The main point of getting #threads and dividing the problem size is to give each thread contiguous equal amount of work. Like, thread #0 gets first 0..x elements, thread #1 gets the next contiguous x+1..y elements and so on. This is how OpenMP static scheduling works.

I used these flags in ./cargo/config.toml:

[x86_64-unknown-linux-gnu]

rustflags = [
    "-C",
    "target-cpu=native",
    "-C",
    "llvm-args=-ffast-math",
    "-C",
    "opt-level=3",
]

My problem is not being able to extract the same performance as the C version.
I am using Intel SapphireRapids 8470 ; dual socket with 104 cores and max theoretical memory bandwidth of 600 GB/s.
The C version with OpenMP takes on avg 0.0052 seconds:

Function      Rate(MB/s)  Rate(MFlop/s)  Avg time     Min time     Max time
----------------------------------------------------------------------------
Copy:         370203.49    -             0.0052       0.0052       0.0053
----------------------------------------------------------------------------

But the Rust version with Rayon takes on avg 0.0083 seconds:

Function      Rate(MB/s)  Rate(MFlop/s)  Avg time     Min time     Max time
----------------------------------------------------------------------------
Copy:         247803.58    -             0.0083       0.0077       0.0086 
----------------------------------------------------------------------------

Ofcourse it does not seem fair to compare C+OpenMP with Rust+Rayon.
But I want to understand where I am losing performance. My belief is that if C can achieve such performance, so can Rust.

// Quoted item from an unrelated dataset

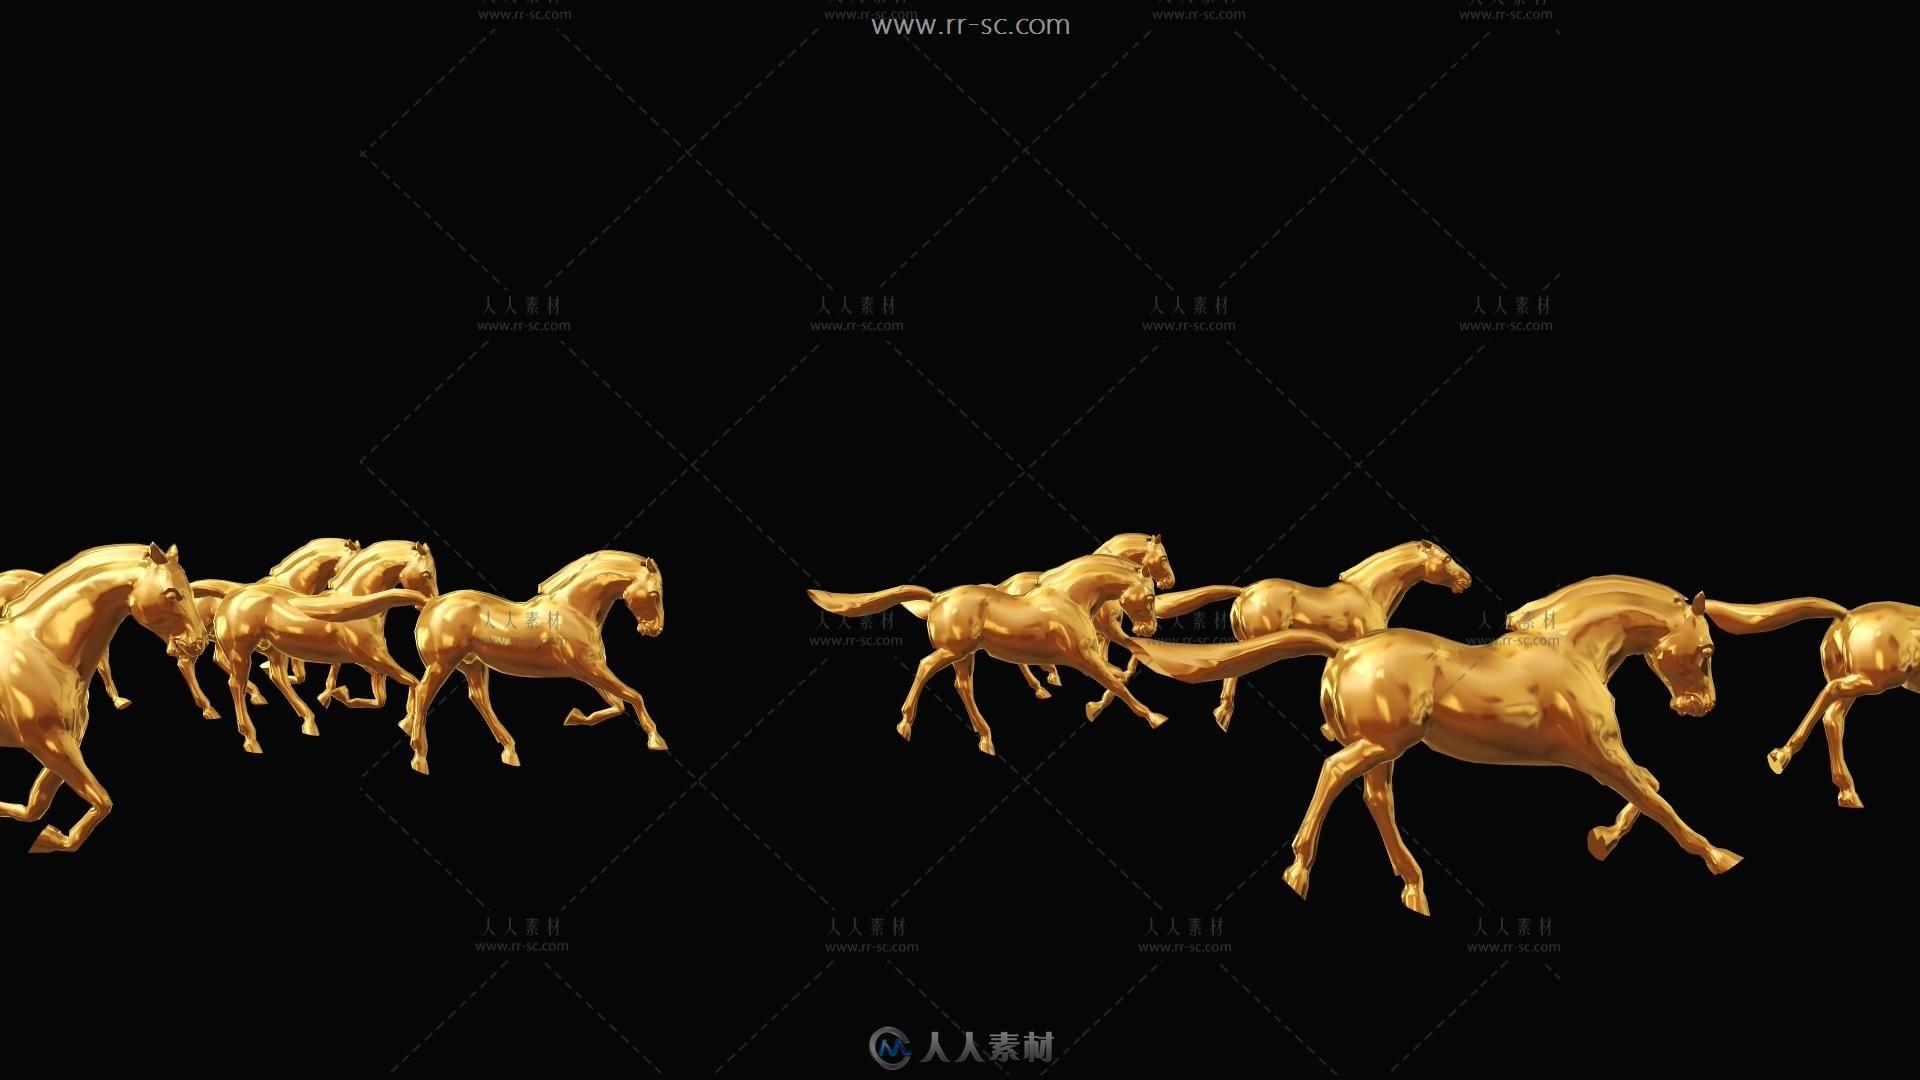 金色镀金马匹奔跑背景视频素材(带通道)

I have also tried multiple manual versions of trying to vectorize the code with AVX512 instructions in unsafe Rust, manual loop unrolling etc. But nothing gets past this barrier of 0.0077 seconds in Rust.

My questions are:

  1. Is this performance overhead from rayon ? From flamegraphs, I could not see much of overhead from rayon functions.
  2. Am I missing something while writing the parallelized kernel that could potentially stop me from extracting the same performance as C ?

Thank you in advance to the Rust community. =)

1 Like

Quick sanity check: have you tried just use copy_from_slice?

1 Like

Yes. =)
Below is the parallel version I had tried 2 days ago:

pub fn copy(c: &mut [f64], a: &[f64], n: usize) -> f64 {
    let c_iter = c.par_chunks_mut(n);
    let a_iter = a.par_chunks(n);

    let s = Instant::now();

    // Parallel version
    c_iter.zip(a_iter).for_each(|(c_slice, a_slice)| {
        c_slice.copy_from_slice(a_slice);
    });

    s.elapsed().as_secs_f64()
}

Performance for this kernel is lower than the kernel in the 1st post.

----------------------------------------------------------------------------------------------------------
Function        | Rate(MB/s)      | Rate(MFlop/s)   | Avg time       | Min time        | Max time        |
----------------------------------------------------------------------------------------------------------
Copy:           | 174110.97       | -               | 0.0116         | 0.0110          | 0.0122          |
----------------------------------------------------------------------------------------------------------

I'm not to sure if this would make the difference, but in your original C + OpenMP uses a single for loop to index and copy values from one array to the other. Where as in your Rust + Rayon program the iter + enumerate actually creates two increments (one for the iter and another for the enumerate. You might want to try creating a special iterator that internally only counts index for two slices. Like a specialized zip.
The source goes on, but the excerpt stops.